A local publication wrote: "It is not an overstatement that almost 99.99 percent of Zimbabweans didn’t know about this animal until Monday. Now we have just learnt, thanks to the British media, that we had Africa’s most famous lion all along, an icon!"

 Farai Sevenzo of BBC wrote: "The lion's death has not registered much with the locals". At the same time, Zimbabwean officials stated that the killing of Cecil had already caused a drop in tourism revenues. A significant drop was noted in Hwange, where the lion had lived. Many international tourists, who had planned to see the lion, had cancelled their trips. 

"This killing is a huge loss to our tourism sector that was contributing immensely to the national wealth", said Emanuel Fundira, the president of the Safari Operators Association of Zimbabwe. "We had a lot of people, in terms of visitors, coming in to the country to enjoy and view Cecil, so really this was a great loss," Fundira said, and that Cecil's presence was "a draw card," and compared his death to "the demise of an icon." 

The head of the Zimbabwe Tourism Authority, Karikoga Kaseke, said that tourism had been booming, but that Zimbabwe was now perceived as a country which was not interested in protecting and promoting animal rights, and this had also had a negative impact on the tourism sector.

Bryan Orford, a professional wildlife guide who worked in Hwange, calculates that with tourists from a single nearby lodge collectively paying U.S. $9,800 per day, the revenue generated by having Cecil's photograph taken over five days would have been greater than someone paying a one-off fee of U.S. $45,000 to hunt and kill the lion, with no hope of future revenue.

On 1 August 2015, in response to Cecil's killing, the hunting of lions, leopards and elephants along with all bow-hunting was immediately suspended in areas outside of Hwange National Park by Zimbabwe's environment minister, Honorable Oppah Muchinguri. 

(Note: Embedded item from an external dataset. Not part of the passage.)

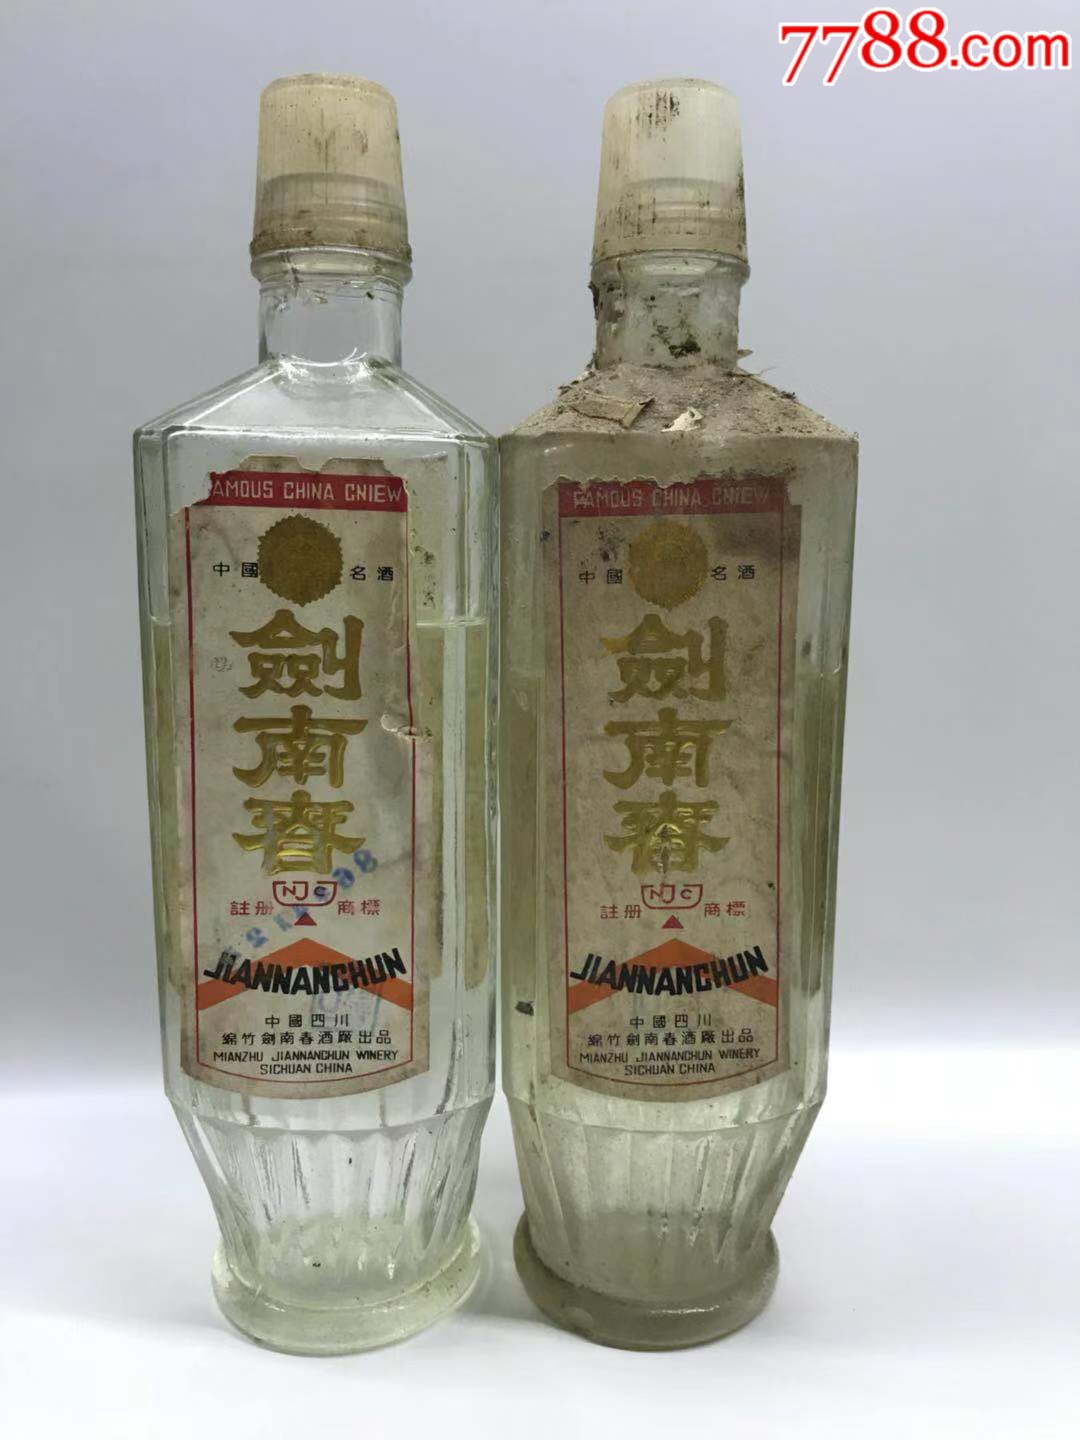 86年代,四川剑南春两瓶,只卖瓶,酒白送,品如图,请看好

"All such hunts will only be conducted if confirmed and authorised in writing by the Director-general of the Zimbabwe Parks and Wildlife Management Authority, and only if accompanied by parks staff whose costs will be met by the landowner", the minister confirmed in a statement to the press. 

Government officials
Some high-level government officials publicly condemned the killing of Cecil. David Cameron, the Prime Minister of the United Kingdom, told reporters that the United Kingdom plays "a leading role in preventing illegal wildlife trade", when he was asked about Cecil's death. His Africa Minister, Grant Shapps, described the incident as "barbaric hunting".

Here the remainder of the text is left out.